BradleyThoughts4 Comments

Before you start reading this, let me give you some background information on why it was written.  I’m taking a 100 level (introductory) American Government and Politics course at CCNY.  We were given an assignment that involved writing a 5 to 6 page essay paper on one of three topics.  I chose the third topic:

3) John Stuart Mill argues that government must never censor its citizens, no matter what their opinion. Yet despite having a Bill of Rights, in the U.S. our civil liberties are subject to some limitations. Do you agree that our freedom of expression must sometimes be constricted? Why? To answer this question, you must 1) describe what the Founders wanted to achieve by adding a Bill of Rights to the Constitution, 2) detail the limitations that the Supreme Court has developed over time on either our freedom of speech OR religion, as well as their reasoning for these limitations, and 3) argue, in light of Mill’s theory, whether or not these limitation are legitimate.

Information that’s quoted in the essay is either linked to within the essay, or can be easily looked up, in the case of amendments.  The excerpt of John Stuart Mill’s “On Liberty” that was used to write this paper (as provided) is linked to at the bottom of the post.

Section titles have been added to make it clearer for reading on the web.

(If you came across this while researching for your own paper, please keep in mind that professor’s know how to use Google too, so don’t cut and paste my work and claim it as your own, unless you want to run the risk of being expelled for plagiarism.)

 

Introduction

The First Amendment of the Constitution of the United States reads, “Congress shall make no law […] abridging the freedom of speech”.  Freedom of speech is the ability for citizens to express ideas or opinions without fearing government retribution.
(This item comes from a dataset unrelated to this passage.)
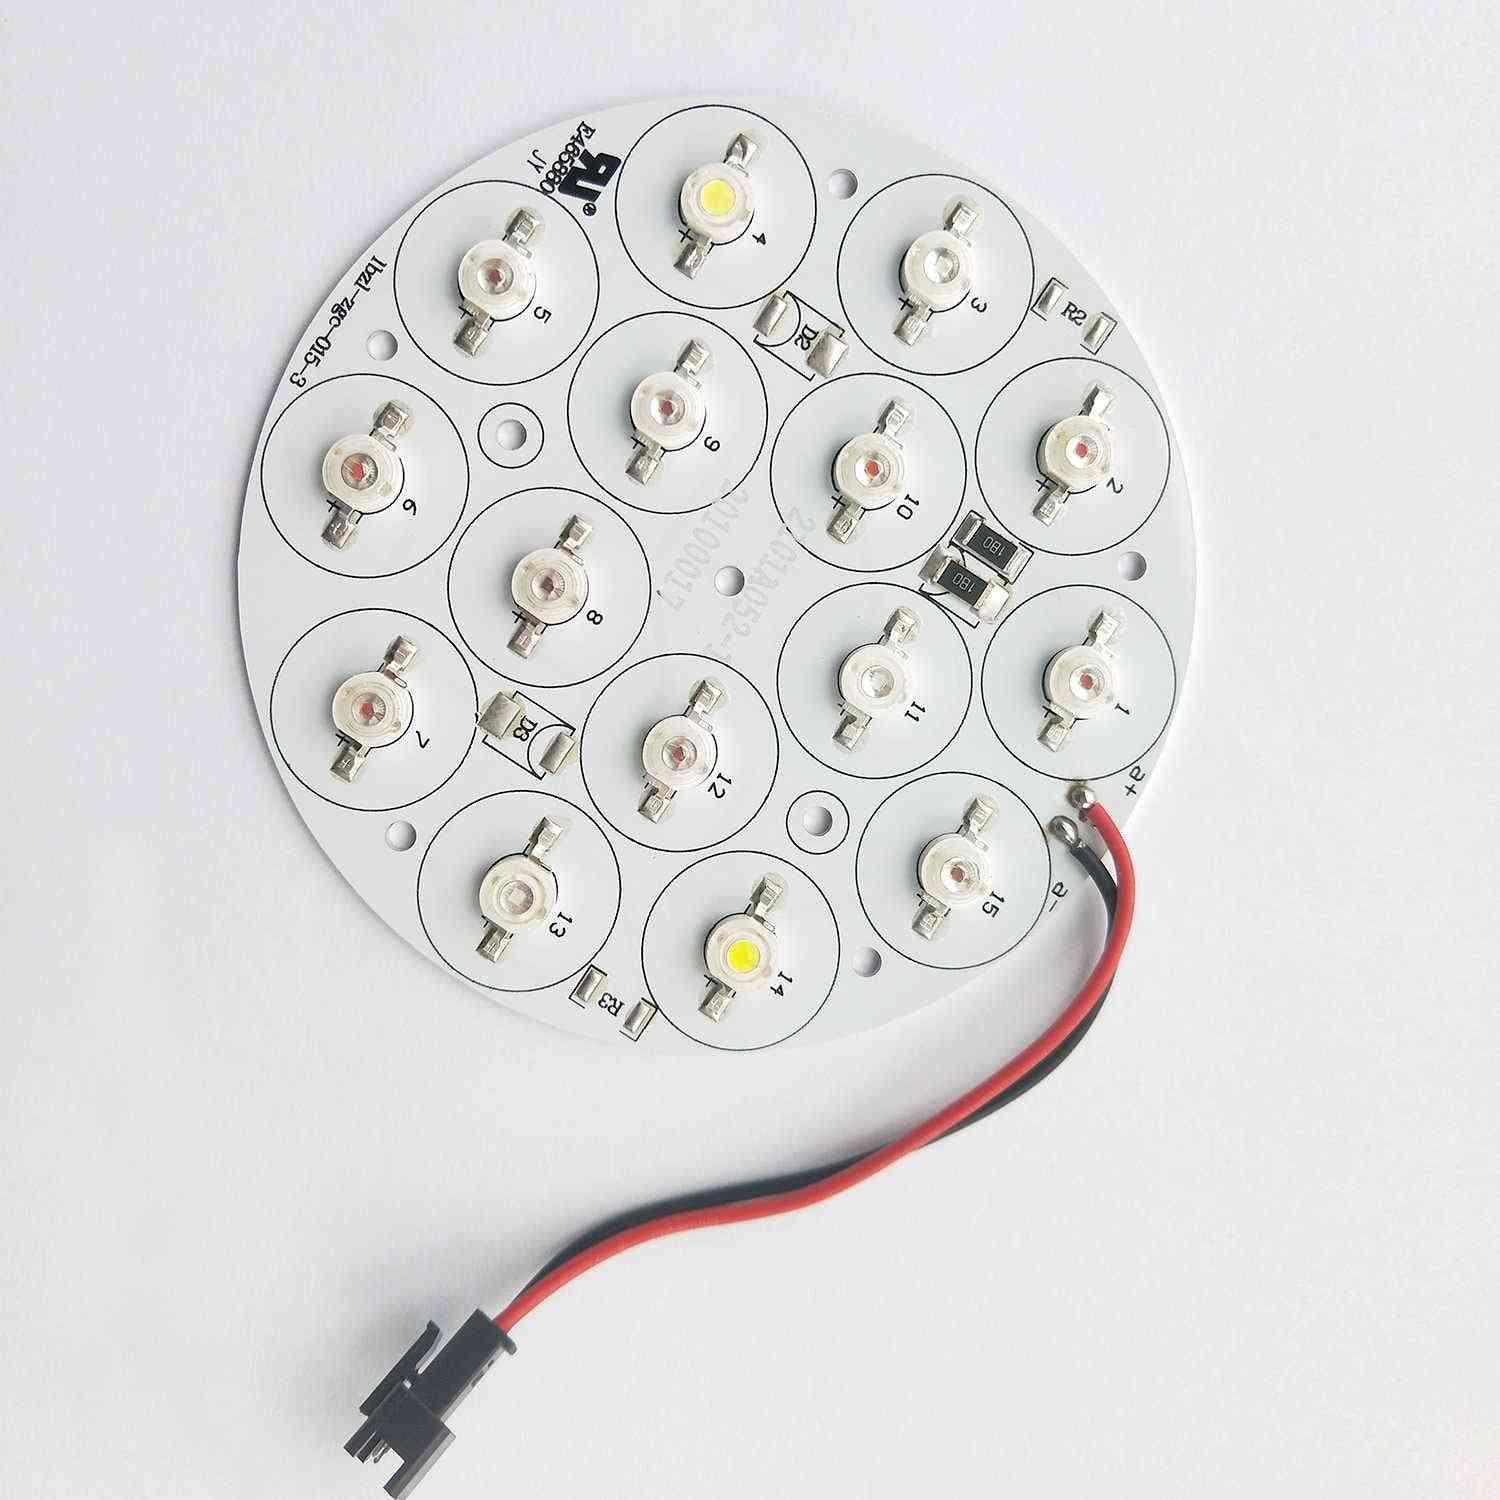 LED klastr vyměnit část pěstovat světelné příslušenství

Free speech is incredibly important, and powerful.  When there are public disturbances or revolts in other countries, free speech is often the first thing to be taken away from citizens, most often accomplished in modern times by shutting down the country’s Internet access and/or directly controlling information sources.  The First Amendment is one of the ten amendments that compose what is known as the Bill of Rights, and, since its adoption, has been one of the most contentious and well-known of the rights American citizens possess, often leading to Supreme Court cases which have determined the constitutionality of certain types of speech.  Despite the importance of free speech, many of these Supreme Court cases show a clear record of limiting of free speech, when it is in the best interests of the public at large.  To understand why the right to freedom of speech is important, but why it should sometimes be limited, it’s important to understand the origins of the Bill of Rights, to examine Supreme Court cases where the right to freedom of speech was at issue, and to balance it against John Stuart Mill’s ideas as expressed in his book, “On Liberty.”

 

Why Were The Bill of Rights Added and How Does It Relate To Free Speech?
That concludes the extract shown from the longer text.